About this task:
What you give back from the listing below should be an exact copy of the lines from the one with "ASvadek Khmer Calligraphy" down to the one with "Women's hooded sweatshirt Italie Rugby 2018", and it should contain no pictures.

Available data:
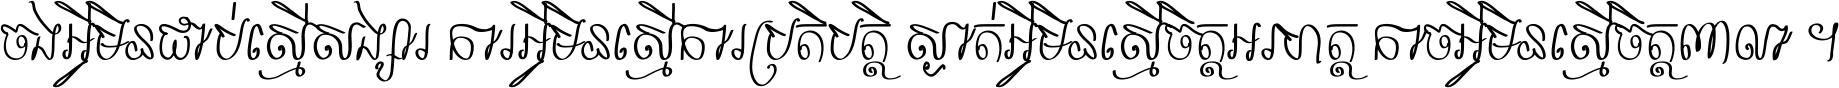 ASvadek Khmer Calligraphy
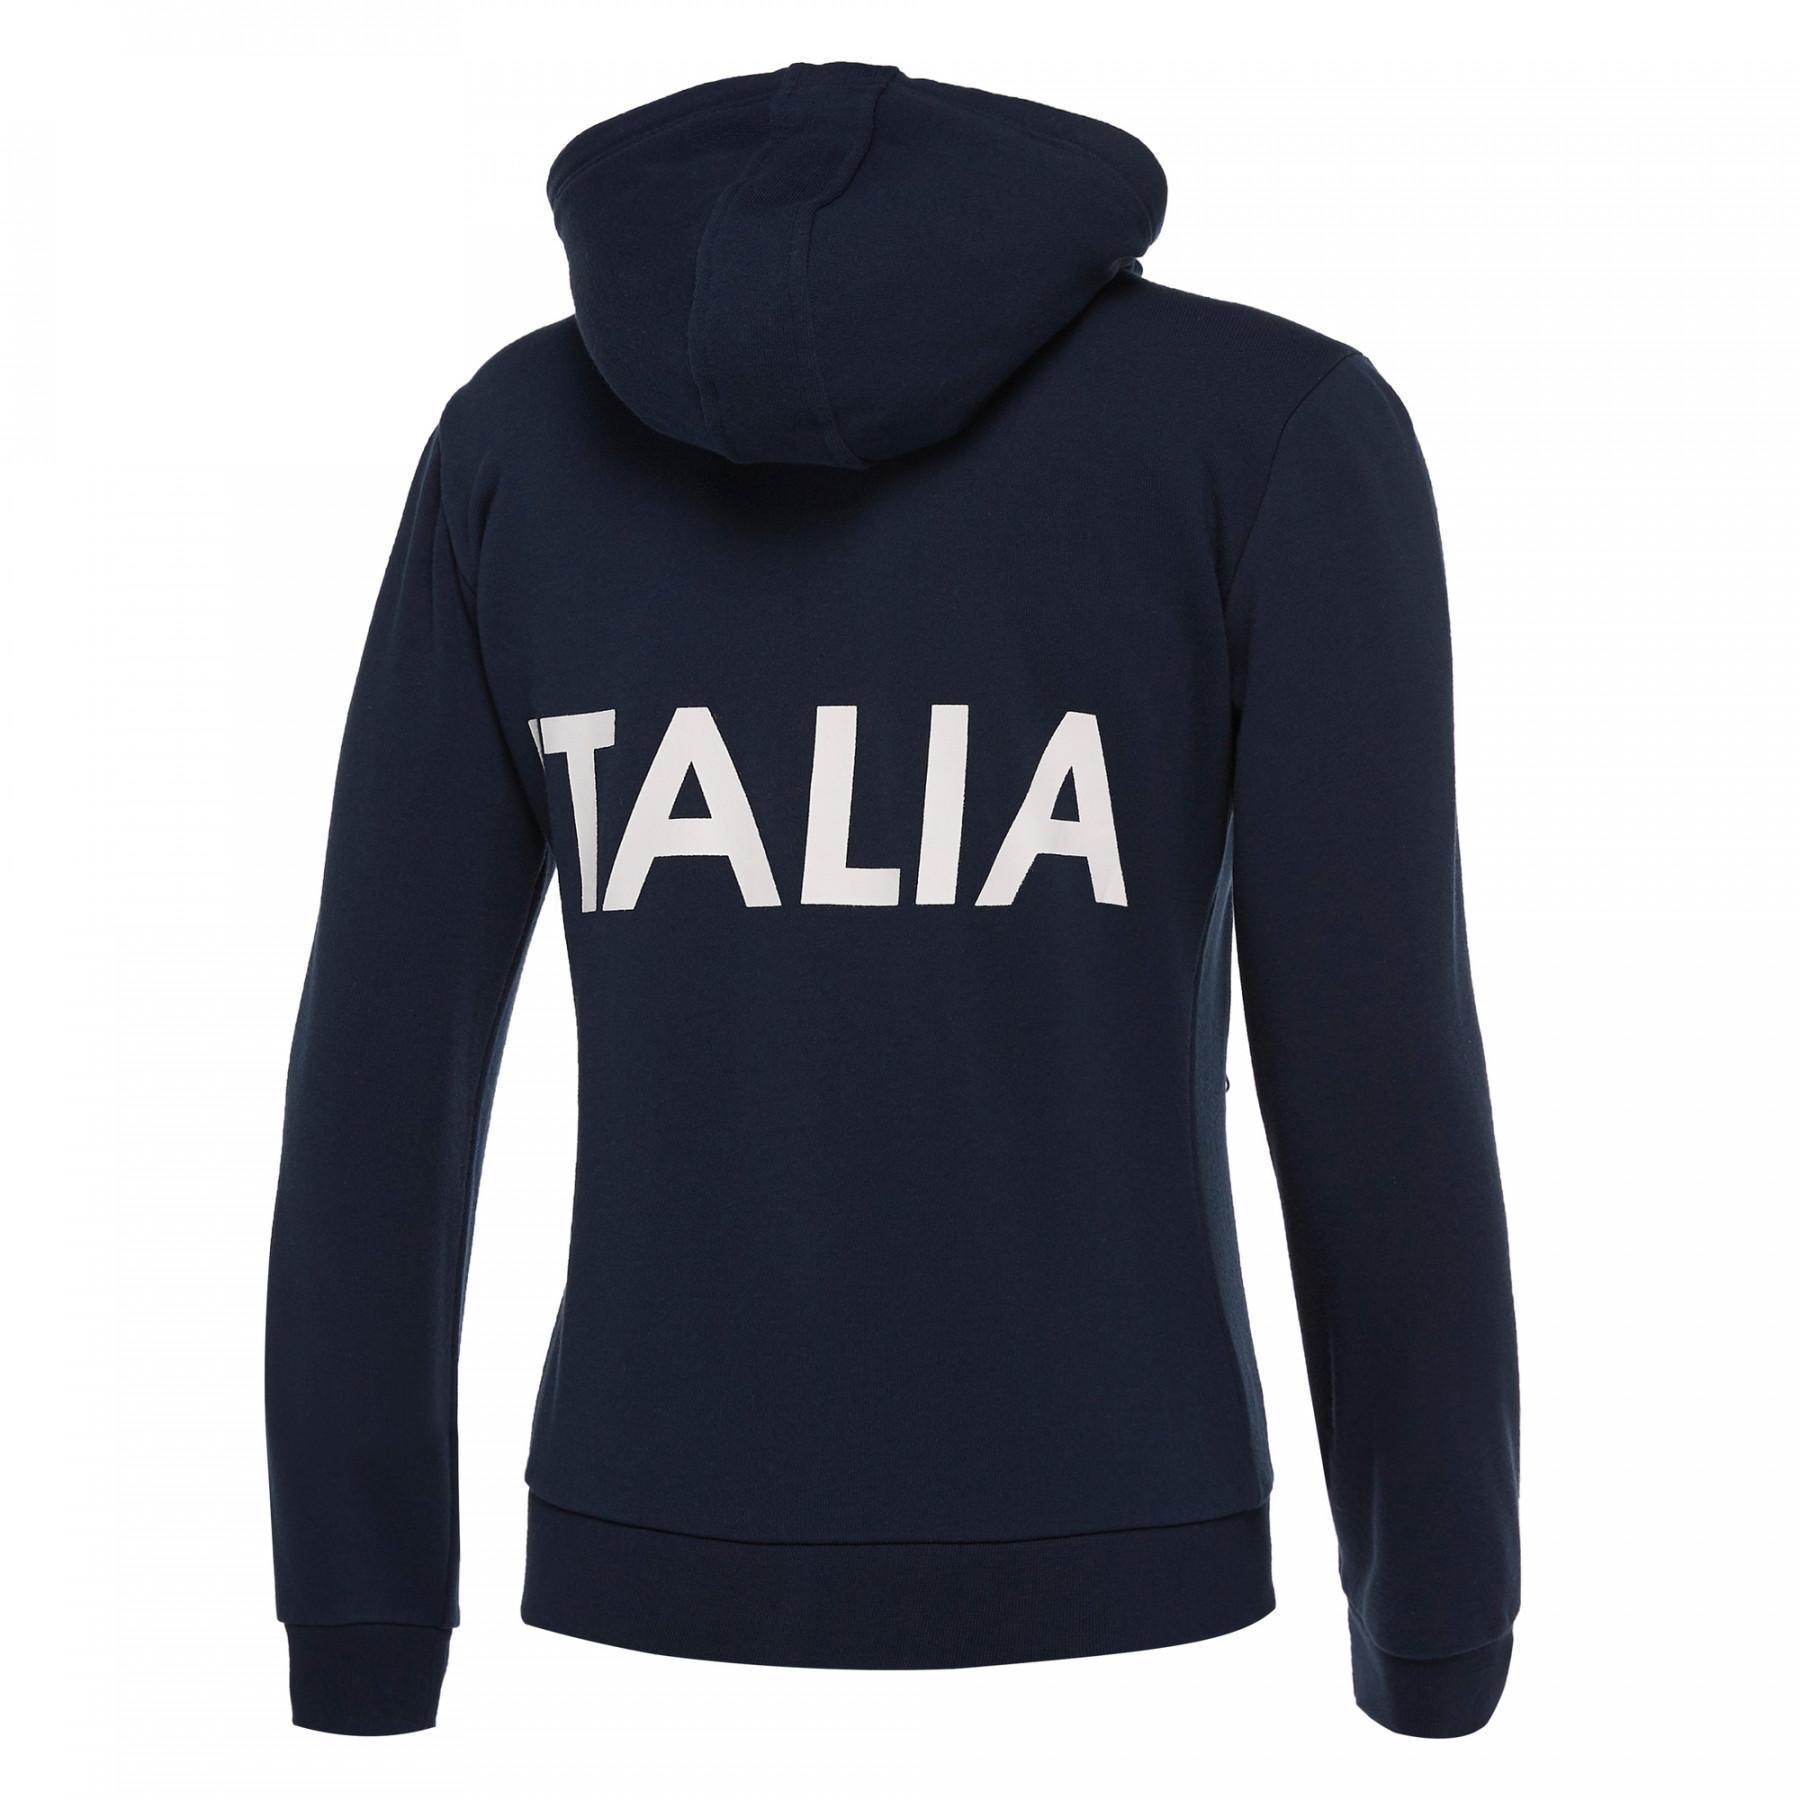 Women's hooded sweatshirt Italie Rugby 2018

* * *

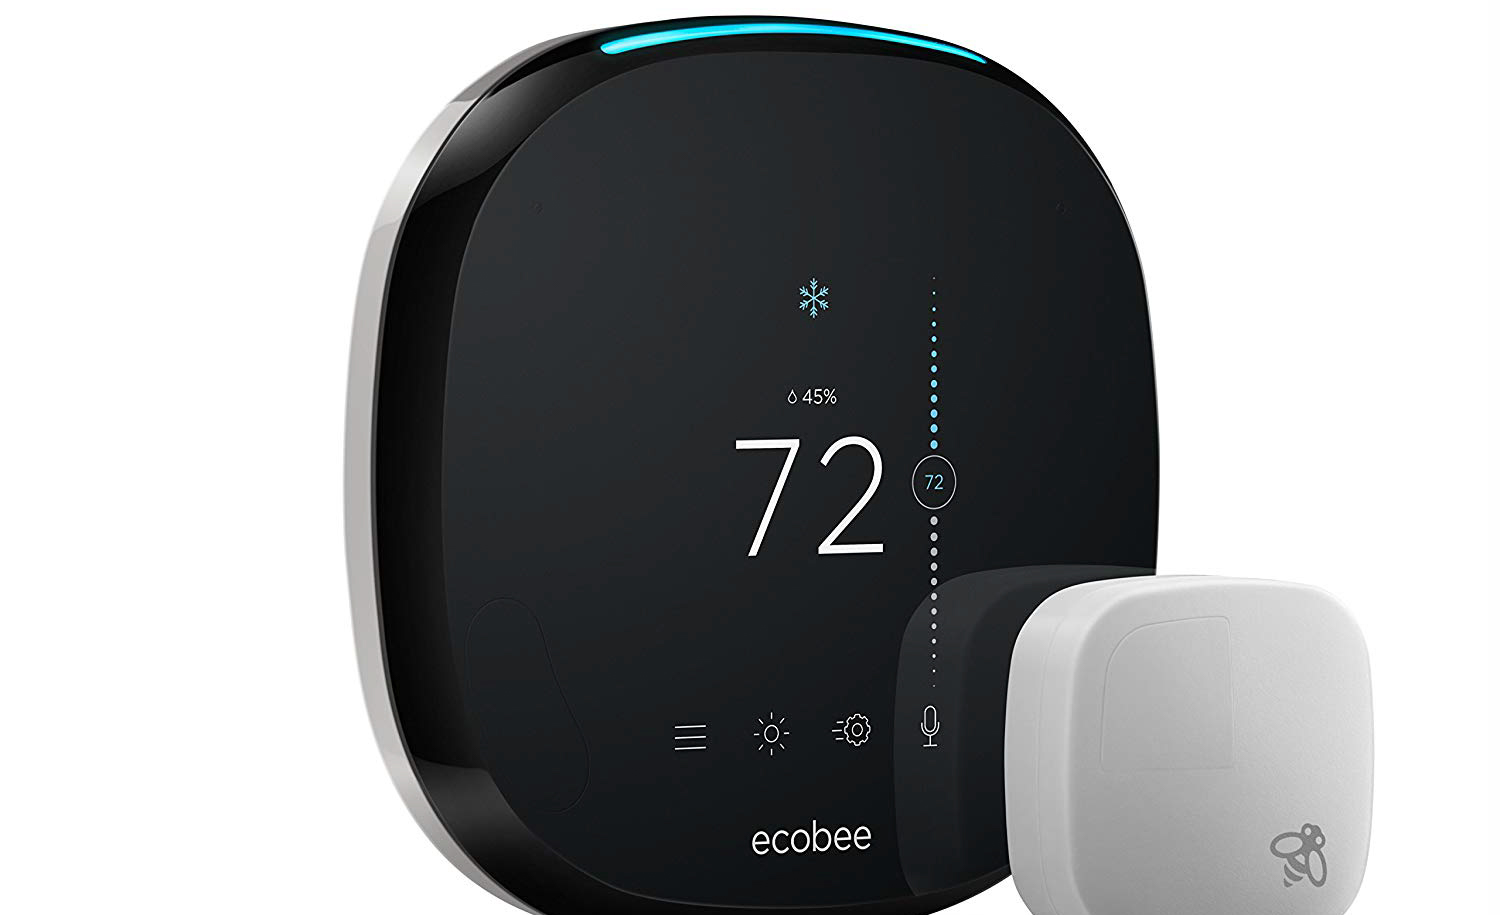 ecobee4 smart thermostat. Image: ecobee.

---

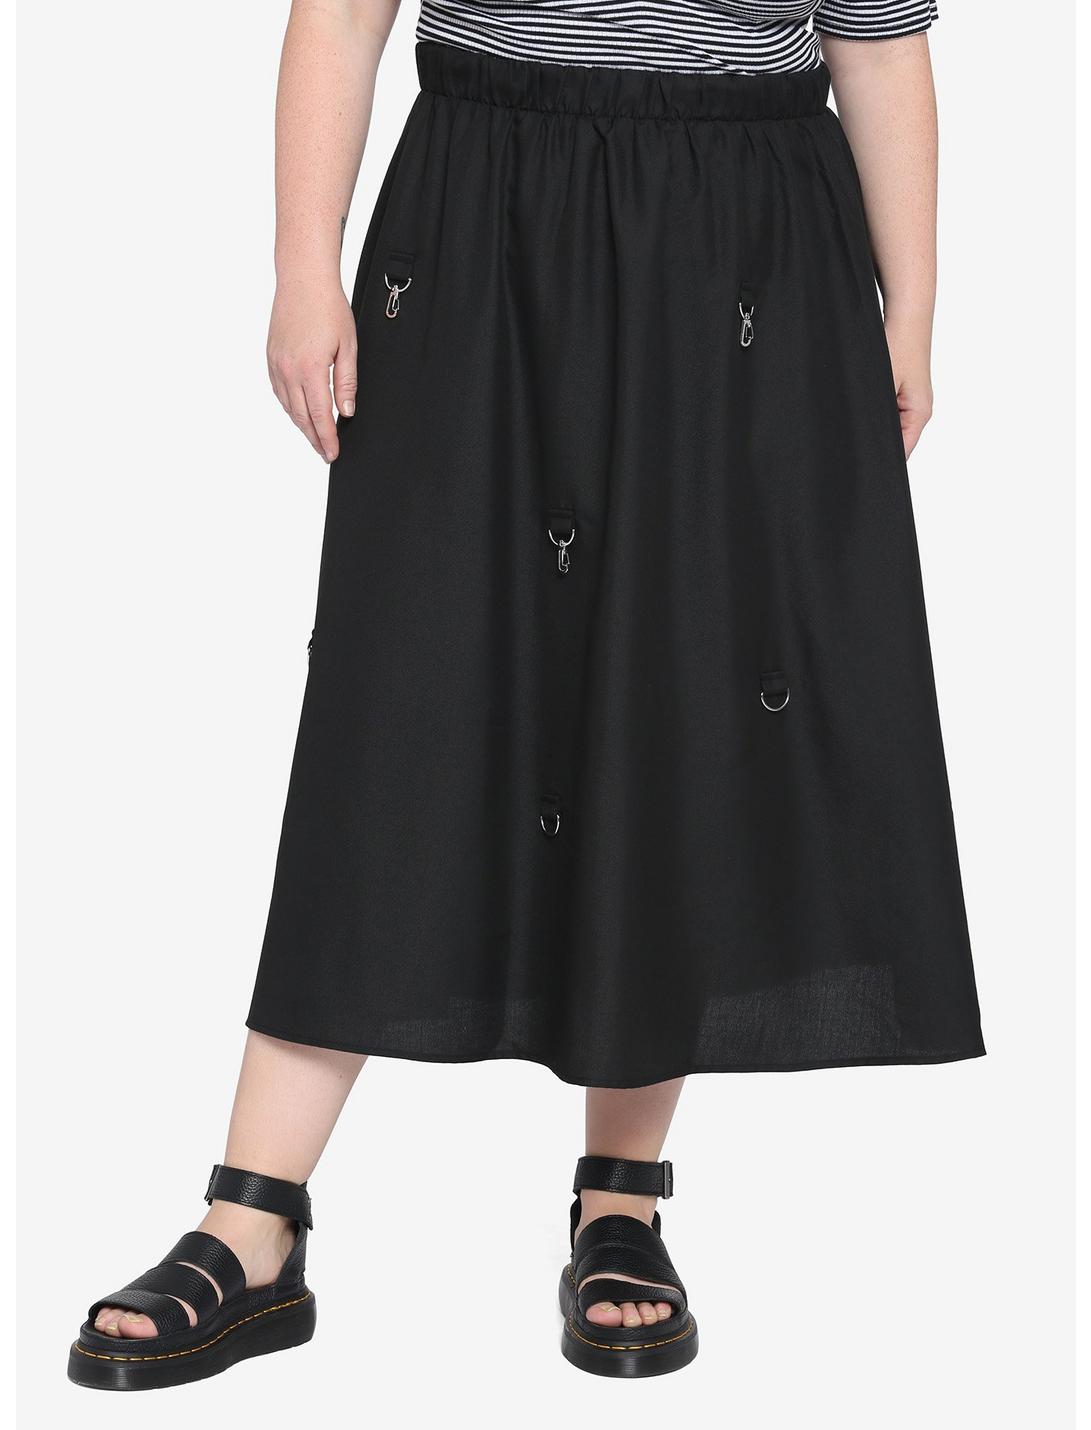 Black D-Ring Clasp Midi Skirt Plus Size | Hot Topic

Answer to this task:
 ASvadek Khmer Calligraphy
 Women's hooded sweatshirt Italie Rugby 2018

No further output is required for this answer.